The GSE33146 raw data is of class ExpressionFeatureSet, but the GSE66417 data is of class GeneFeatureSet. Raw Affymetrix data is all some form of “FeatureSet” data, but different array designs are extensions of the abstract FeatureSet class. The first series is from a 3′-biased array design, and the second is from a gene-based design. The classes represent those different design types.
GSE33146
In the simple case, we already have an ExpressionSet object, and we can use the pData from it.
library(tidyverse)
varLabels(gse33146)
[1] "title" "geo_accession"
[3] "status" "submission_date"
[5] "last_update_date" "type"
[7] "channel_count" "source_name_ch1"
[9] "organism_ch1" "characteristics_ch1"
[11] "characteristics_ch1.1" "treatment_protocol_ch1"
[13] "growth_protocol_ch1" "molecule_ch1"
[15] "extract_protocol_ch1" "label_ch1"
[17] "label_protocol_ch1" "taxid_ch1"
[19] "hyb_protocol" "scan_protocol"
[21] "description" "description.1"
[23] "data_processing" "platform_id"
[25] "contact_name" "contact_laboratory"
[27] "contact_department" "contact_institute"
[29] "contact_address" "contact_city"
[31] "contact_state" "contact_zip/postal_code"
[33] "contact_country" "supplementary_file"
[35] "data_row_count" "cell line:ch1"
[37] "culture medium:ch1"
# It looks like the variables of interest are "cell line:ch1" and "treatment:ch1", and the sample accessions are in "geo_accession"

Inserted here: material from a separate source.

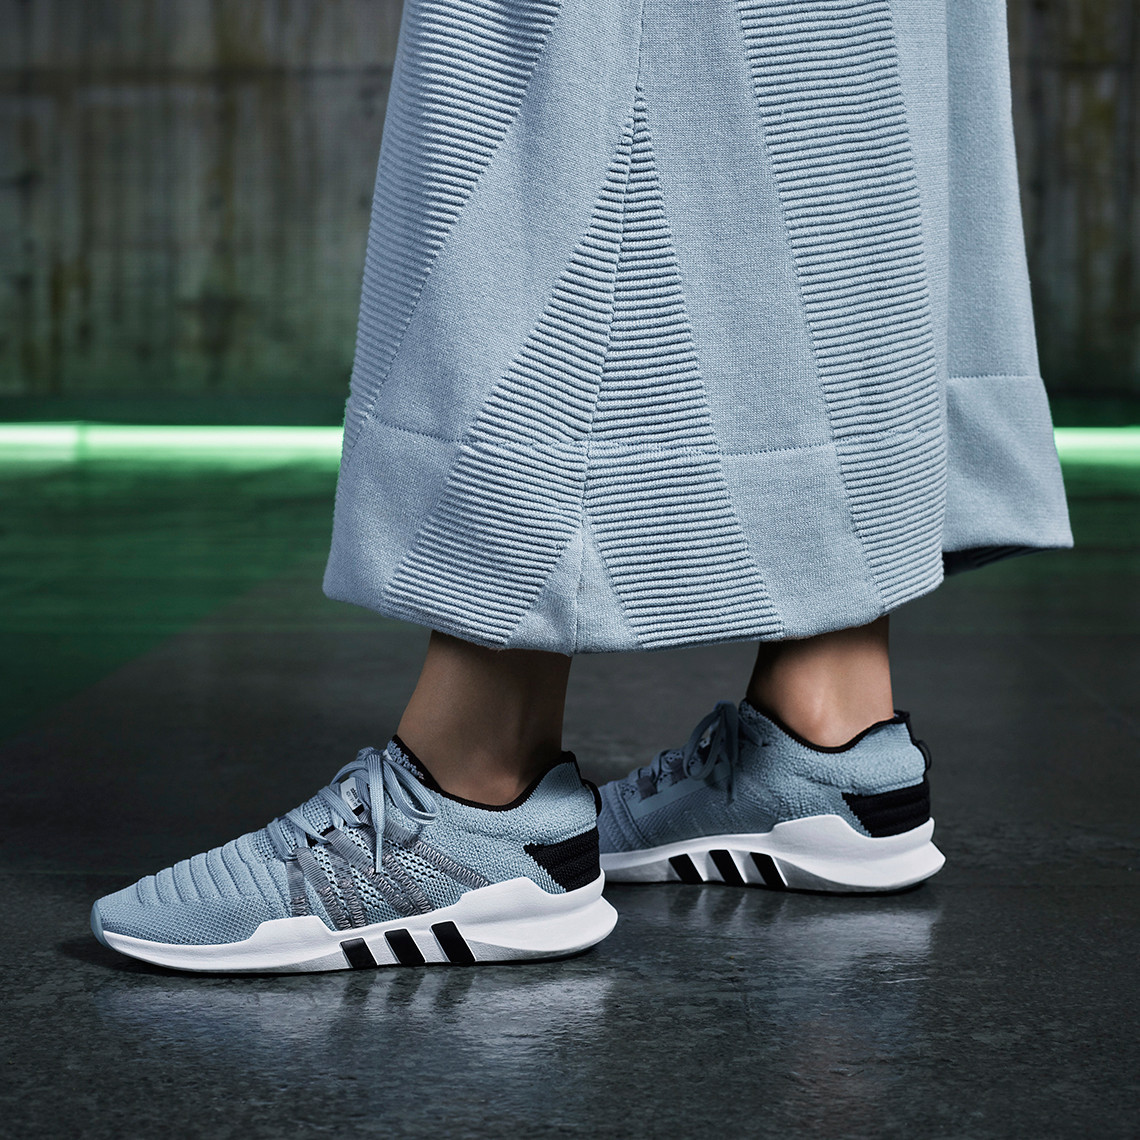 Adidas Releases Two New EQT ADV Sneaker Silhouettes

gse33146$supplementary_file
[1] "ftp://ftp.ncbi.nlm.nih.gov/geo/samples/GSM820nnn/GSM820817/suppl/GSM820817.CEL.gz"
[2] "ftp://ftp.ncbi.nlm.nih.gov/geo/samples/GSM820nnn/GSM820818/suppl/GSM820818.CEL.gz"
[3] "ftp://ftp.ncbi.nlm.nih.gov/geo/samples/GSM820nnn/GSM820819/suppl/GSM820819.CEL.gz"

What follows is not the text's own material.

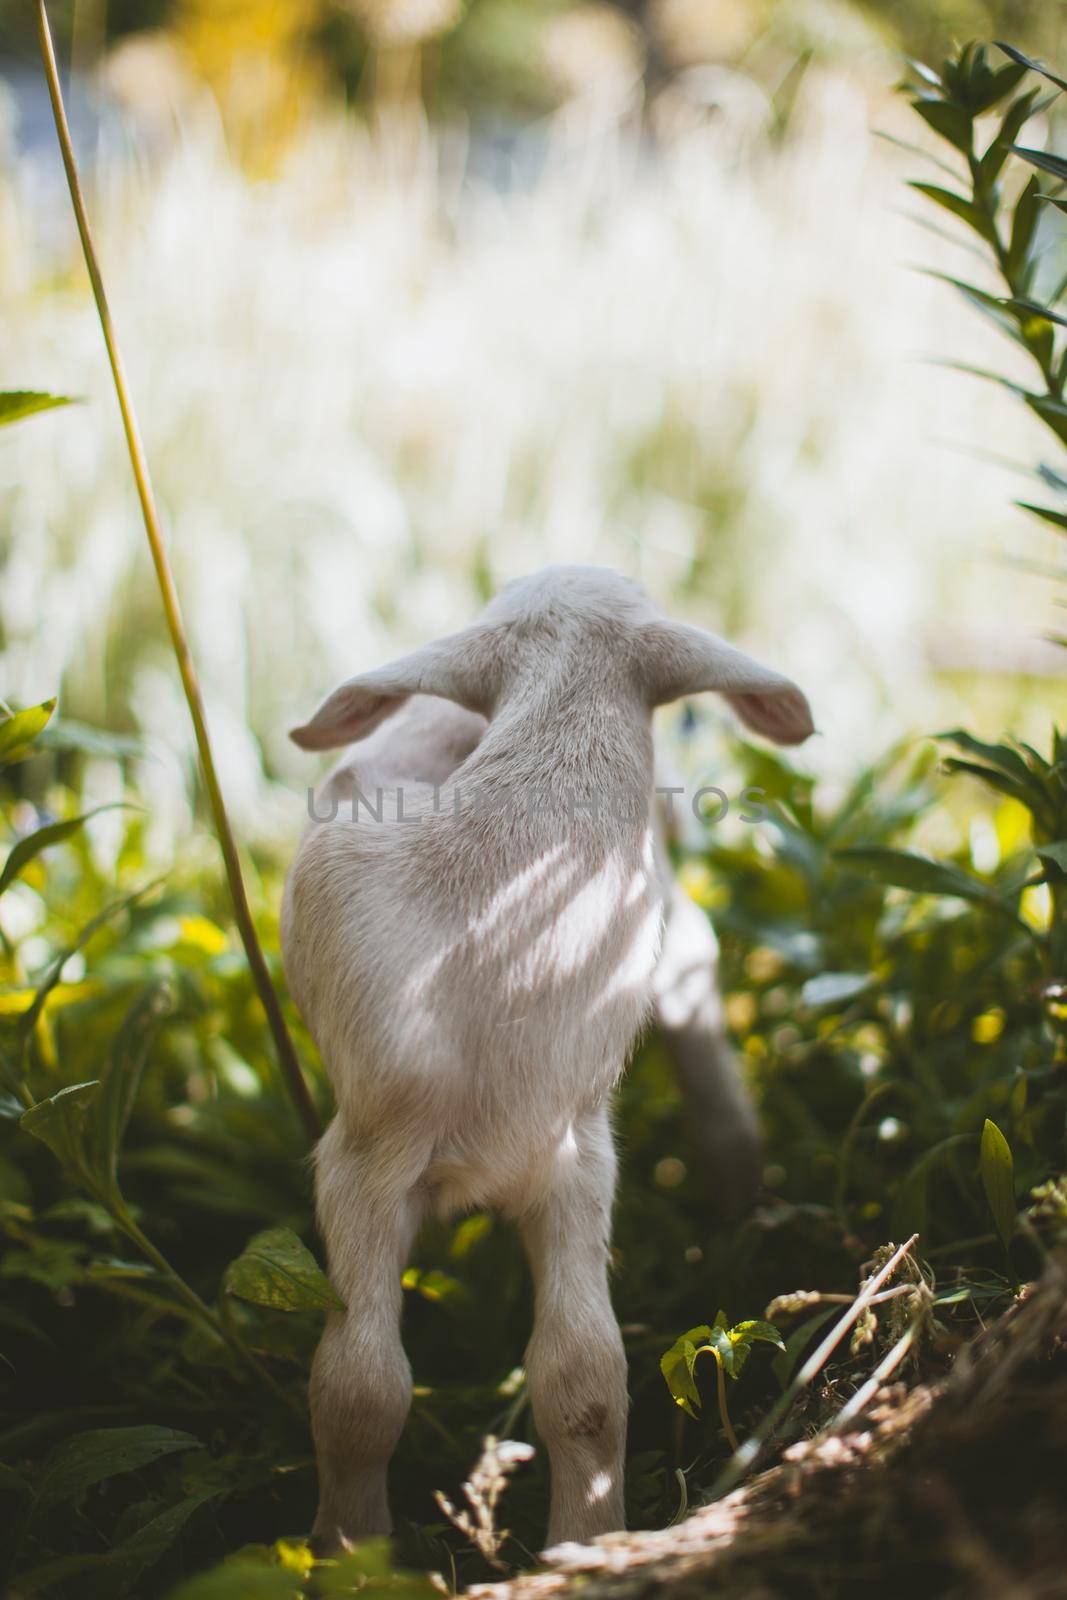 Cute young white goatling standing in a garden

[4] "ftp://ftp.ncbi.nlm.nih.gov/geo/samples/GSM820nnn/GSM820820/suppl/GSM820820.CEL.gz"
[5] "ftp://ftp.ncbi.nlm.nih.gov/geo/samples/GSM820nnn/GSM820821/suppl/GSM820821.CEL.gz"
[6] "ftp://ftp.ncbi.nlm.nih.gov/geo/samples/GSM820nnn/GSM820822/suppl/GSM820822.CEL.gz"
pd <- pData(gse33146)
pd['cel_file'] <- str_split(pd$supplementary_file,"/") %>% map_chr(tail,1)
With this simple trick, we now can re-read out CEL files, and guarantee that they are in the correct order as the experimental data we have from getGEO.
gse33146_celdata <- read.celfiles(paste0('GSE33146/',pd$cel_file),phenoData=phenoData(gse33146))
Reading in : GSE33146/GSM820817.CEL.gz
Reading in : GSE33146/GSM820818.CEL.gz
Reading in : GSE33146/GSM820819.CEL.gz
Reading in : GSE33146/GSM820820.CEL.gz
Reading in : GSE33146/GSM820821.CEL.gz
Reading in : GSE33146/GSM820822.CEL.gz
Warning in read.celfiles(paste0("GSE33146/", pd$cel_file), phenoData =
phenoData(gse33146)): 'channel' automatically added to varMetadata in phenoData.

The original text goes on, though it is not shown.